South Carolina law acknowledges that there is a fine line between giving extra attention to and stalking someone. The law generally defines stalking as any activity that could cause fear of death or assault. Stalking may also occur when a pattern of activity causes fear of damage to that individual’s property or to a family member’s property. A person may be charged with aggravated stalking if violence occurs along with other activities that rise to the level of stalking.

Penalties vary based on the severity of the charge. Those who have a misdemeanor stalking charge could face a fine of up to $1,000 and up to one year in prison. Those who face a felony charge could face a fine of up to $5,000 and up to five years in prison. If a person engages in felony stalking while under a court order, the penalties could include fines of up to $10,000 and seven years in prison.

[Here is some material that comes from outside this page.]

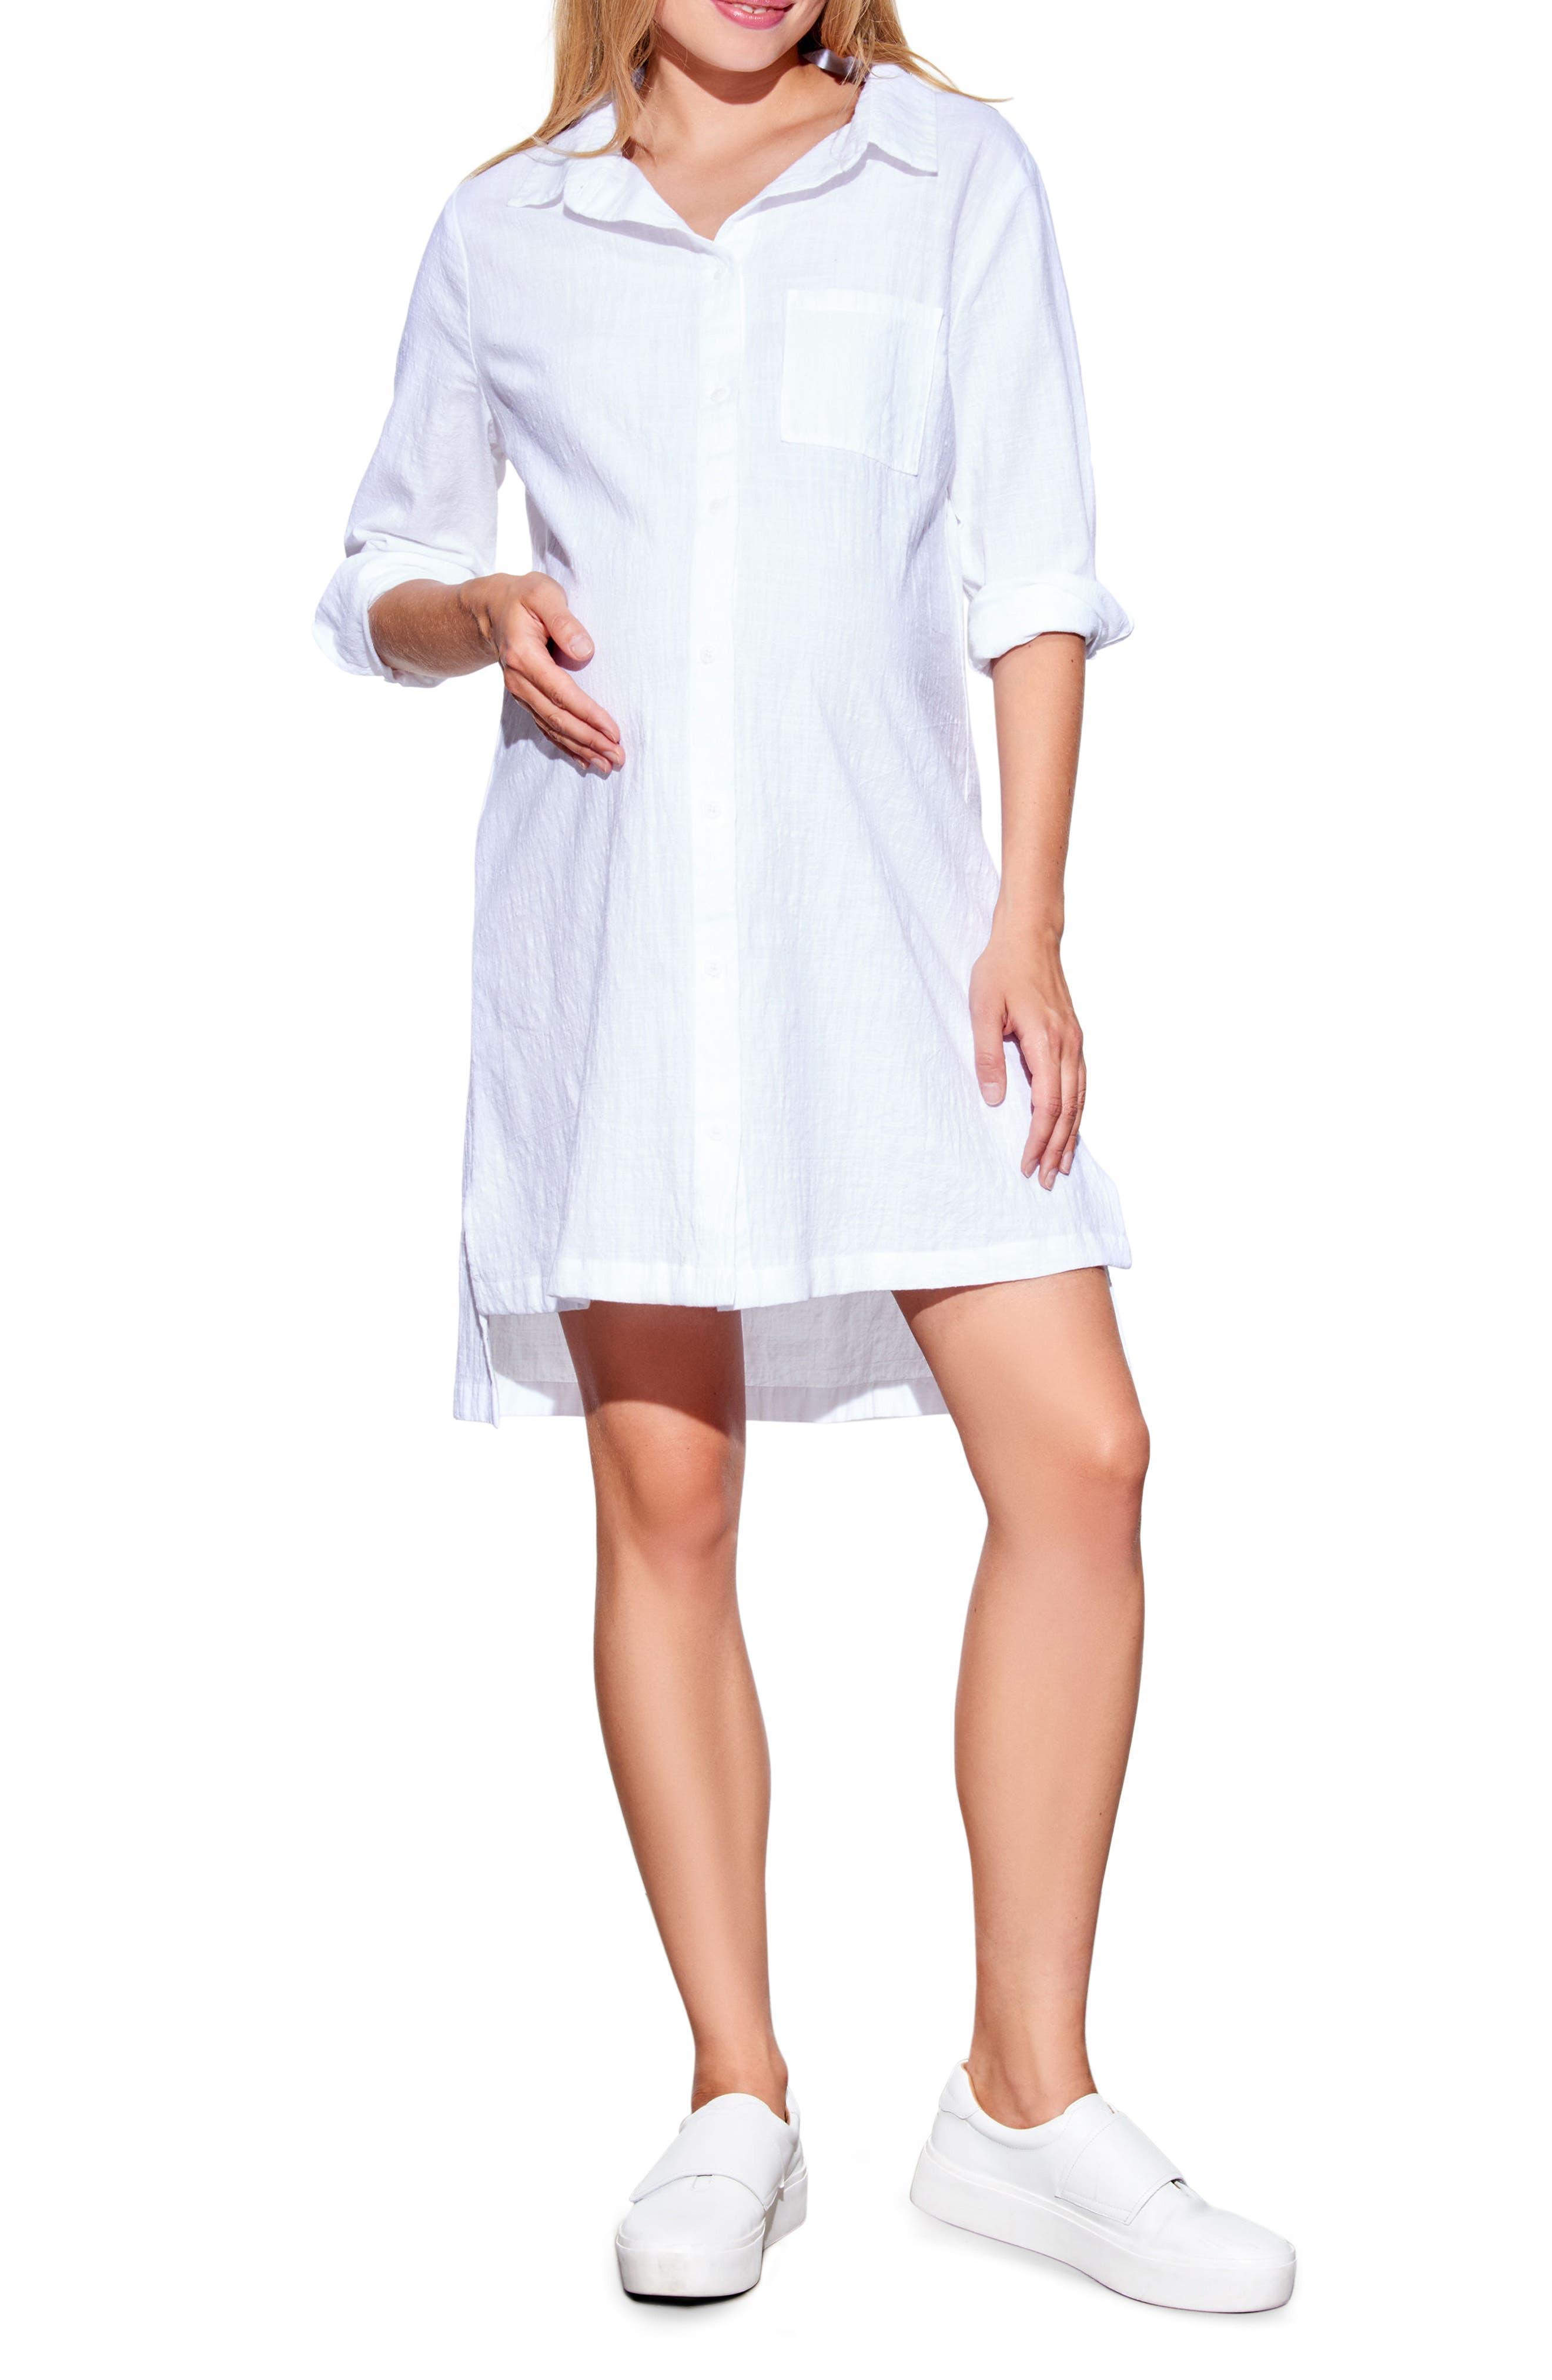 Maternal America High/Low Maternity Shirtdress
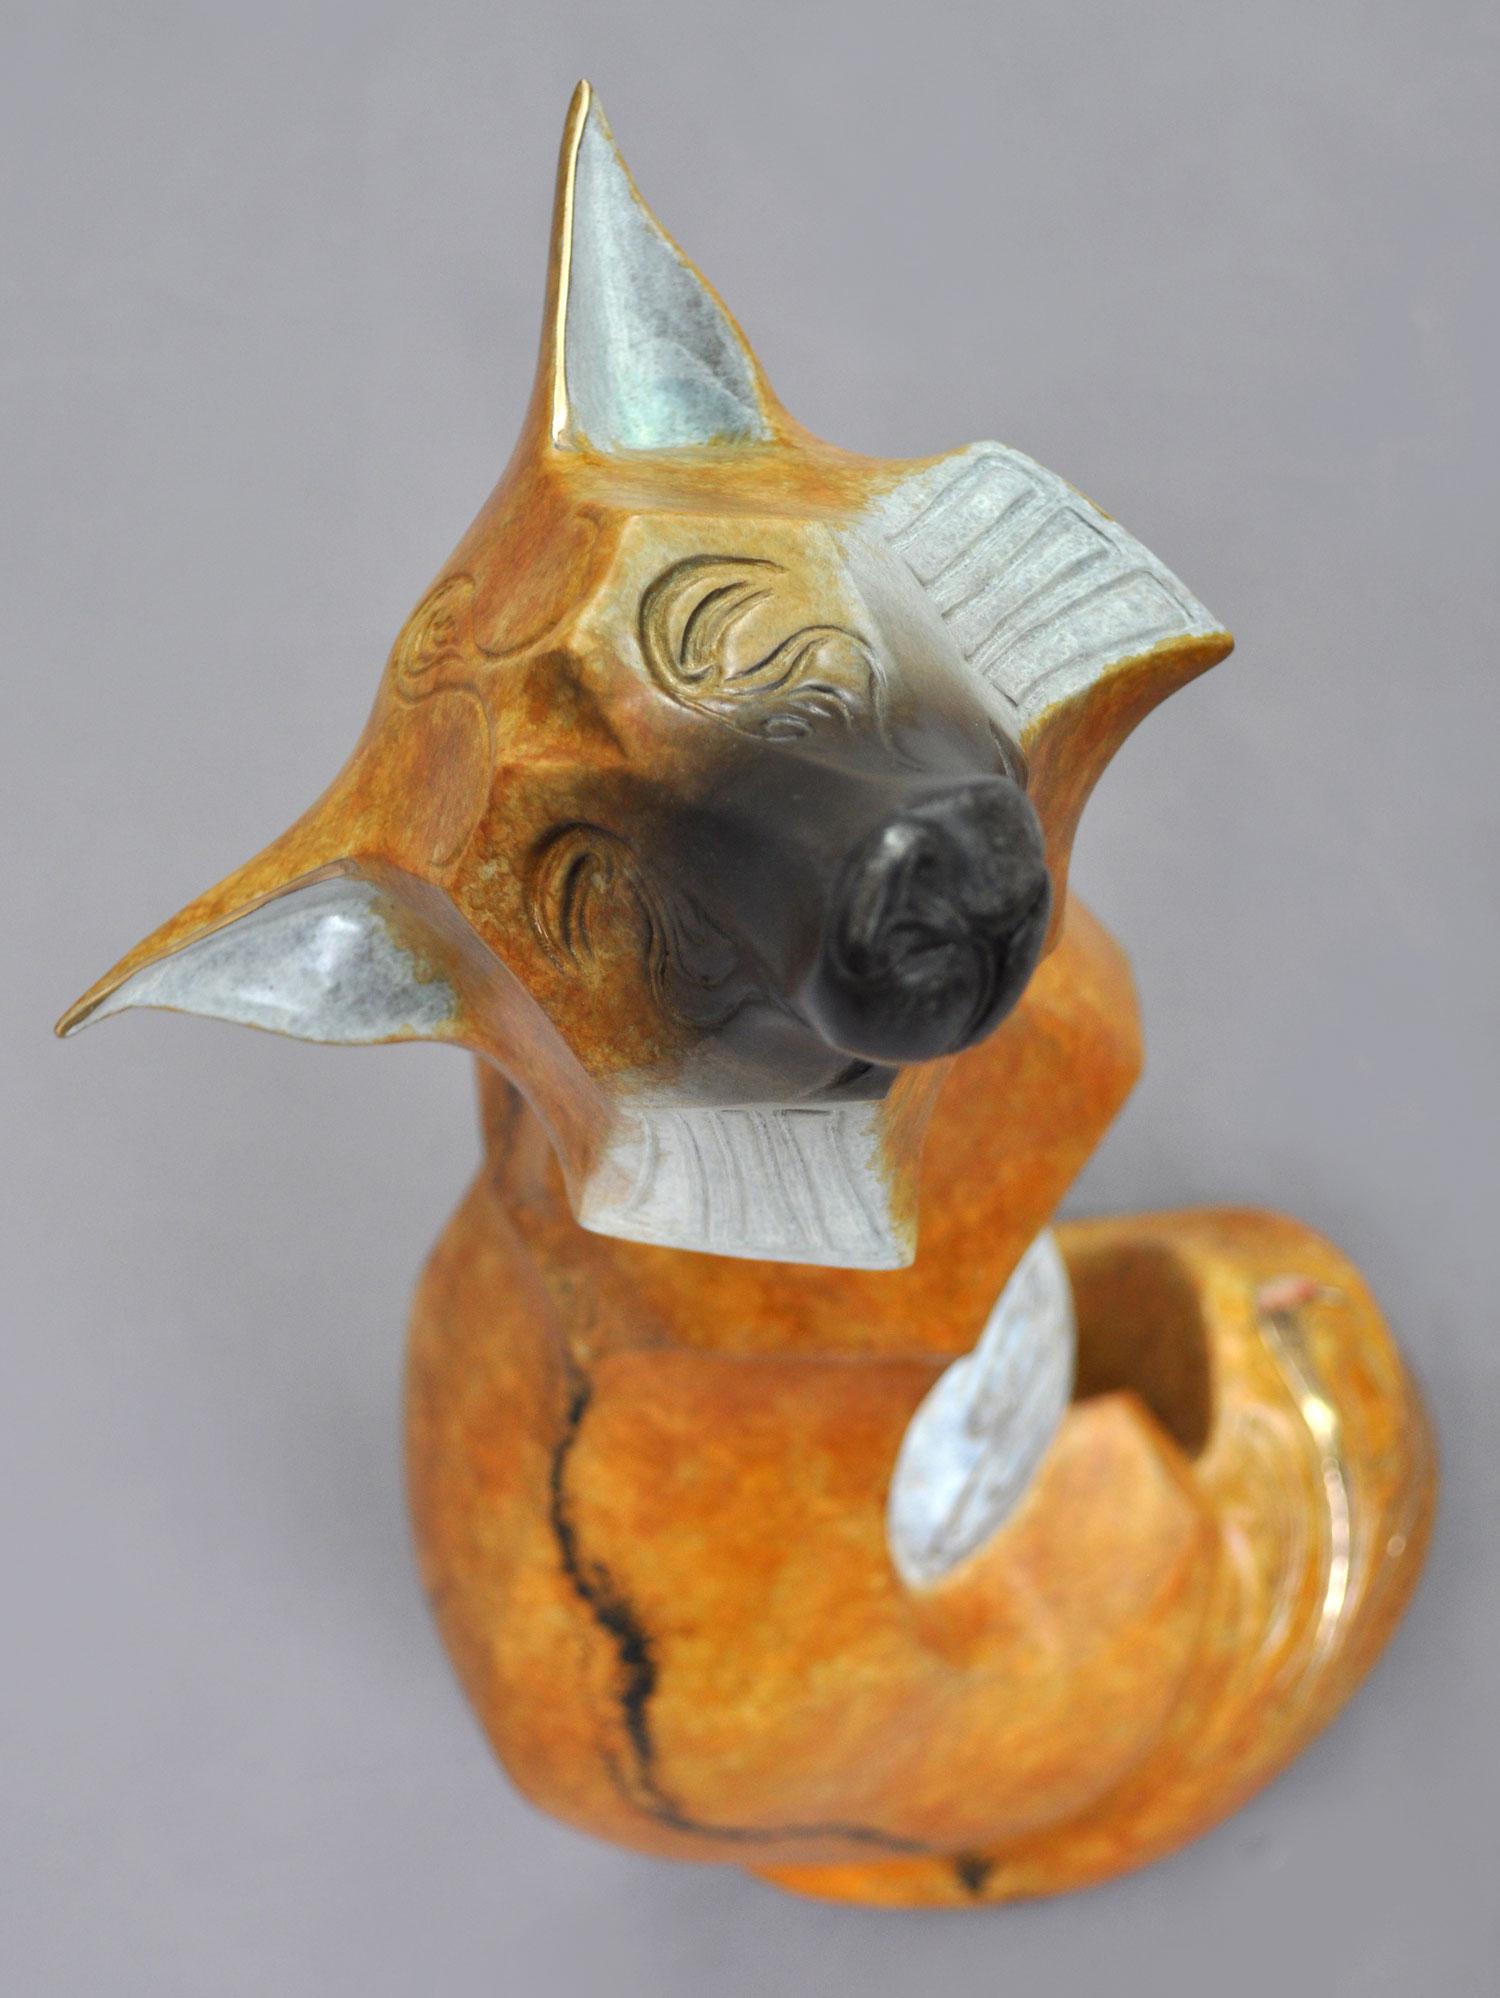 bronze-fox-sculpture-churro-john-maisano-3.jpg

If a person violates a restraining order, authorities may be allowed to take a person into custody without a warrant. Those who are convicted of multiple stalking charges within seven years could face fines of up to $5,000 and five years in prison. Repeat aggravated stalking offenders could be sent to prison for up to 15 years and fined up to $10,000.

Individuals who are facing allegations of felonies like stalking may benefit from talking with a criminal defense attorney. A legal professional might create one or more defenses to the charge. For instance, it may be possible to assert that a defendant did not engage in a pattern of activity that could be seen as stalking. It may also be possible to claim that repeated contact was necessary for work or other legitimate purposes.